▶ _WHAT TO DO_
The response should be a faithful copy of every record, with nothing left out.

▶ _DATA EXTRACT_
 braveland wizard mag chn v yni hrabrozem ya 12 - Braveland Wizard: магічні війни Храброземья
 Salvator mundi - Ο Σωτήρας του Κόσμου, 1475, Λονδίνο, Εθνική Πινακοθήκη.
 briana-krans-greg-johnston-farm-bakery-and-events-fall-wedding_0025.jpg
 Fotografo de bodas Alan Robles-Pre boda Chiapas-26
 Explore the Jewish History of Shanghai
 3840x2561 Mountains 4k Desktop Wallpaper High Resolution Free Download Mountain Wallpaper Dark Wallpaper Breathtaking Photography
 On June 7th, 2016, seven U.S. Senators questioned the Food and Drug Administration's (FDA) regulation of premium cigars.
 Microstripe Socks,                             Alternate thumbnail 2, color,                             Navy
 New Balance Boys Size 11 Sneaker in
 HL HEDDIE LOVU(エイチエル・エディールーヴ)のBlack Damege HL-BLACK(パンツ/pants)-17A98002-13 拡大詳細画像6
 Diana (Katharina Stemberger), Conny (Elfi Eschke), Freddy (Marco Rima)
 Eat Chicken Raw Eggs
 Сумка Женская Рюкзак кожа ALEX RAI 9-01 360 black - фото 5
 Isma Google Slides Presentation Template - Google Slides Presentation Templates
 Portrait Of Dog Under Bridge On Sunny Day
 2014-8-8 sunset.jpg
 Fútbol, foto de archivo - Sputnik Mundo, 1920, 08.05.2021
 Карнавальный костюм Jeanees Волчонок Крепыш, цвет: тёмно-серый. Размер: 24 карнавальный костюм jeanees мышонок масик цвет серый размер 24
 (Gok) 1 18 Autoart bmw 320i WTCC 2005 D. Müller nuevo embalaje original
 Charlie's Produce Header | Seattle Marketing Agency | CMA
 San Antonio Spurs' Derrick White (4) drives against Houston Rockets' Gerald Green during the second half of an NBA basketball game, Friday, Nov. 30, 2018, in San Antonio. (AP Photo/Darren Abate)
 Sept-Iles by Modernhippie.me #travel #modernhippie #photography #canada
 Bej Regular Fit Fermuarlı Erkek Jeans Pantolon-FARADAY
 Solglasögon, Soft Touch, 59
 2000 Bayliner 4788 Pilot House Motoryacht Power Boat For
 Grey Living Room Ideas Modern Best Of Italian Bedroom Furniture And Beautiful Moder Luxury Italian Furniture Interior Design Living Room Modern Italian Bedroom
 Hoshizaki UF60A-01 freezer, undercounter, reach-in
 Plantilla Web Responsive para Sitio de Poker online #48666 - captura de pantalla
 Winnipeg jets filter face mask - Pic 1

▶ _RESPONSE_
 braveland wizard mag chn v yni hrabrozem ya 12 - Braveland Wizard: магічні війни Храброземья
 Salvator mundi - Ο Σωτήρας του Κόσμου, 1475, Λονδίνο, Εθνική Πινακοθήκη.
 briana-krans-greg-johnston-farm-bakery-and-events-fall-wedding_0025.jpg
 Fotografo de bodas Alan Robles-Pre boda Chiapas-26
 Explore the Jewish History of Shanghai
 3840x2561 Mountains 4k Desktop Wallpaper High Resolution Free Download Mountain Wallpaper Dark Wallpaper Breathtaking Photography
 On June 7th, 2016, seven U.S. Senators questioned the Food and Drug Administration's (FDA) regulation of premium cigars.
 Microstripe Socks,                             Alternate thumbnail 2, color,                             Navy
 New Balance Boys Size 11 Sneaker in
 HL HEDDIE LOVU(エイチエル・エディールーヴ)のBlack Damege HL-BLACK(パンツ/pants)-17A98002-13 拡大詳細画像6
 Diana (Katharina Stemberger), Conny (Elfi Eschke), Freddy (Marco Rima)
 Eat Chicken Raw Eggs
 Сумка Женская Рюкзак кожа ALEX RAI 9-01 360 black - фото 5
 Isma Google Slides Presentation Template - Google Slides Presentation Templates
 Portrait Of Dog Under Bridge On Sunny Day
 2014-8-8 sunset.jpg
 Fútbol, foto de archivo - Sputnik Mundo, 1920, 08.05.2021
 Карнавальный костюм Jeanees Волчонок Крепыш, цвет: тёмно-серый. Размер: 24 карнавальный костюм jeanees мышонок масик цвет серый размер 24
 (Gok) 1 18 Autoart bmw 320i WTCC 2005 D. Müller nuevo embalaje original
 Charlie's Produce Header | Seattle Marketing Agency | CMA
 San Antonio Spurs' Derrick White (4) drives against Houston Rockets' Gerald Green during the second half of an NBA basketball game, Friday, Nov. 30, 2018, in San Antonio. (AP Photo/Darren Abate)
 Sept-Iles by Modernhippie.me #travel #modernhippie #photography #canada
 Bej Regular Fit Fermuarlı Erkek Jeans Pantolon-FARADAY
 Solglasögon, Soft Touch, 59
 2000 Bayliner 4788 Pilot House Motoryacht Power Boat For
 Grey Living Room Ideas Modern Best Of Italian Bedroom Furniture And Beautiful Moder Luxury Italian Furniture Interior Design Living Room Modern Italian Bedroom
 Hoshizaki UF60A-01 freezer, undercounter, reach-in
 Plantilla Web Responsive para Sitio de Poker online #48666 - captura de pantalla
 Winnipeg jets filter face mask - Pic 1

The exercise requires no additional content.